The other side has its problems as well. Conservative Protestant churches are also generally in decline, though not as rapidly as the mainline churches. Interestingly, they also seem to promote a kind of “spiritual but not religious” vibe from the opposite direction. Where the liberal Protestants are always talking about a personal spiritual faith experience in the present, conservatives tend to talk about a personal spiritual faith experience in the future, focusing on getting into heaven as the primary goal of faith. It’s no wonder that the church and “religion” is less important to both sides–it’s all about the quintessential American value of “me.”

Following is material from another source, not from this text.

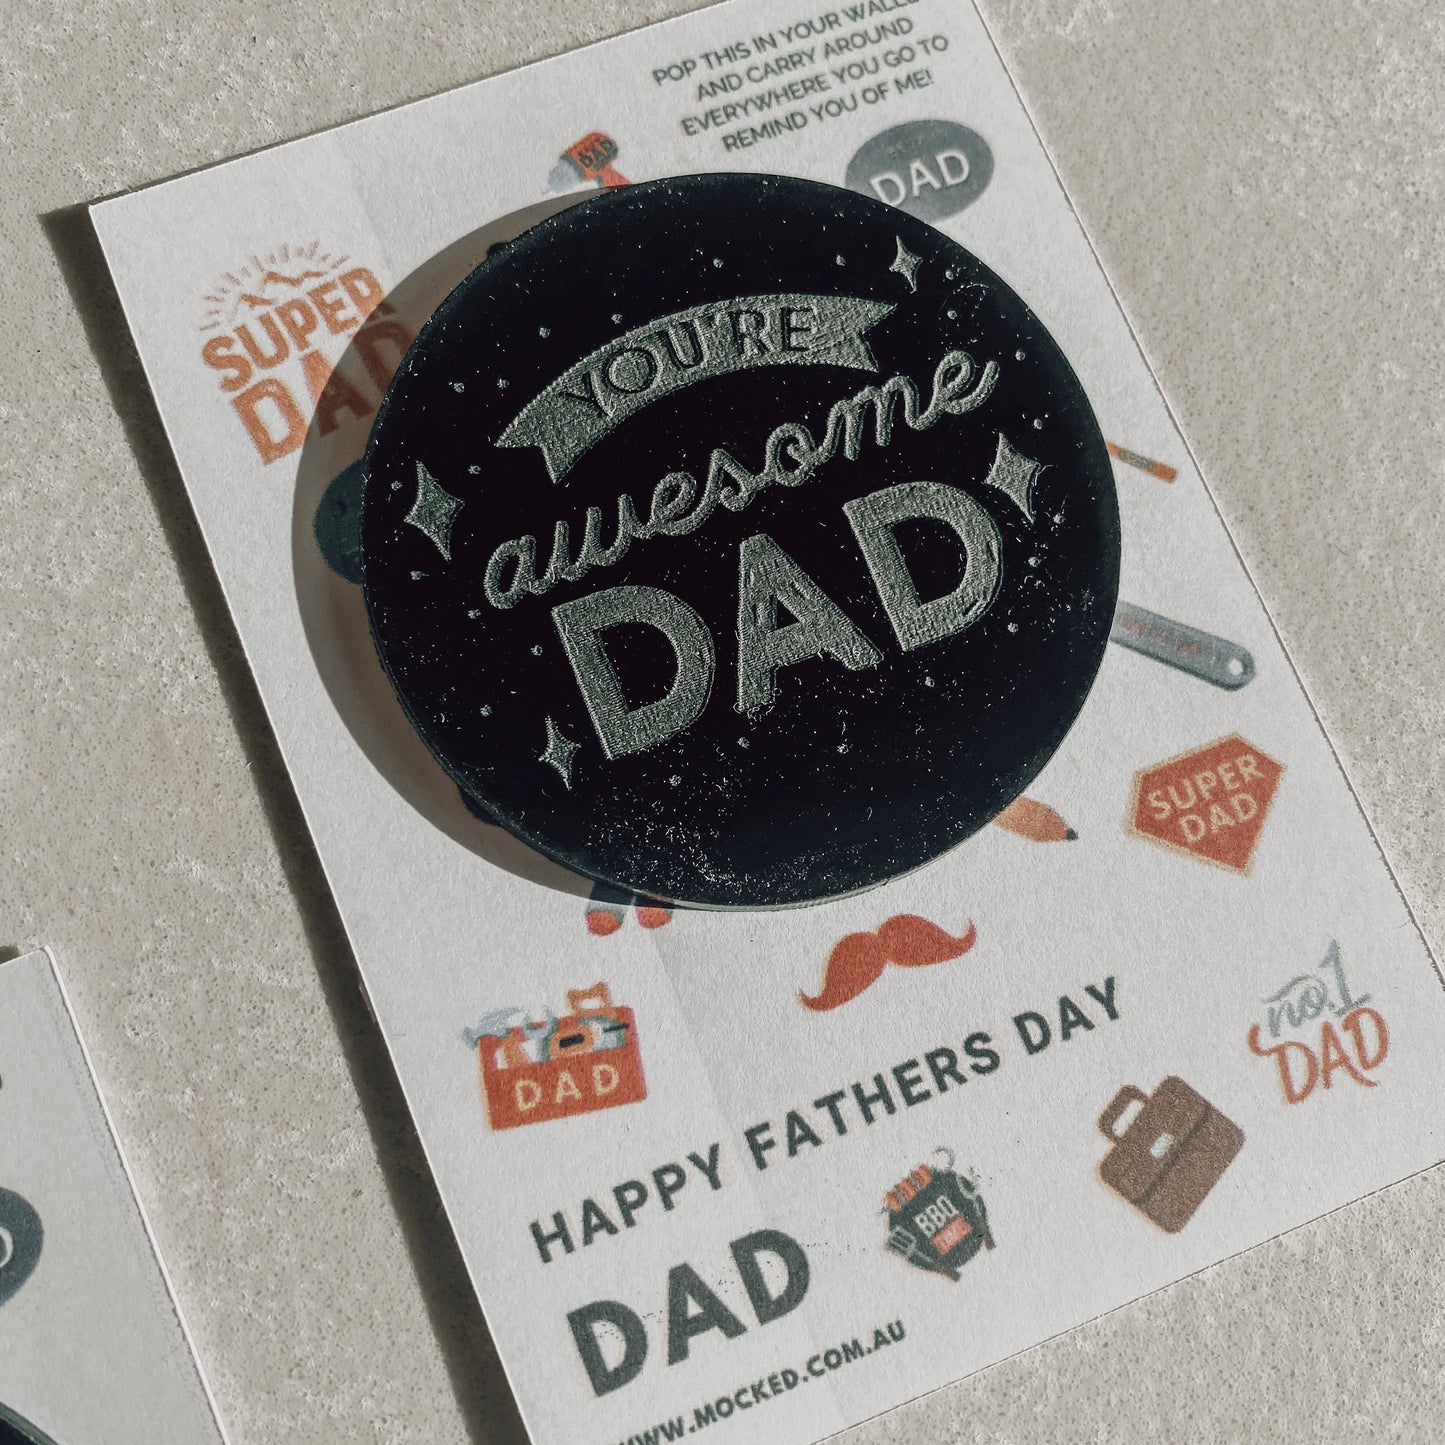 The Father’s Day Card

Tom Long, in his thought-provoking book Preaching from Memory to Hope, points out that what’s really going on in American culture is a revival of “the gnostic impulse”–a morphing of the Platonist view that spirit and body are opposed to one another, and that divine “spiritual” knowledge is superior to any system of belief that requires anything from us like community, accountability, confession, or submission. Indeed, says Long, the “gnostic impulse” is “a counterforce, a reaction that erupts here and there in church history in response to what is seen as the barrenness and oppressiveness of what the church is teaching” (65). When the going gets tough with the culture, in other words, the gnostic impulse is to simply “go with it” and cut loose from the moorings of church, text, and practice. Even those who still hold on to Scripture as normative will tend to read it through the lens of experience and truncate the text to fit their particular worldview.

When I think about this, I begin to understand that my own worldview is a lot more religious than it is “spiritual.” Oh, I think spirituality is important, certainly, but as a Wesleyan I think the words “spiritual” and “discipline” go together. It’s not my own spirituality that matters, it’s the spirituality that emerges from long engagement in prayer, Scripture study, and disciplined work over time with a community of faith. That discipline is what we might call “religion”–not the devotion to denomination but rather a devotion to Christ who offers a particular worldview and way of life. Jesus was not a gnostic who invited people on a spiritual journey to their own enlightenment. He only offered the way of the cross–a disciplined devotion that is lived out in community. The individual life matters within the context of the larger mission of God’s redemption for the whole world–a mission that seeks to break the brokenness of sin and death, rather than merely adopting that brokkeness as normative for human life. Jesus does not simply bless our way of life, he wants to transform it and in order to do that we have to submit to his Lordship and way of life–a life lived out in community with others.

So, color me as someone who is striving to be religious but not particularly spiritual. I think that’s what Wesley was calling us as Methodists to be–people who gave themselves to a particular community and a particular way of life lived out under the discipline and Lordship of Christ. Those who live this way will always be in the minority. The culture will see them as “weird” as best and dangerous at worst. Our call is not to be relevant, but redemptive; not to be “spiritual” but sold out to Christ in every aspect of our lives.

Today, I’m looking at this study as a good thing rather than a bad thing. I think the decline of the gnostic Protestantism of the left and right is a sign that God is up to something new–perhaps a fresh reformation of faith that will make us relevant to God and his kingdom once again!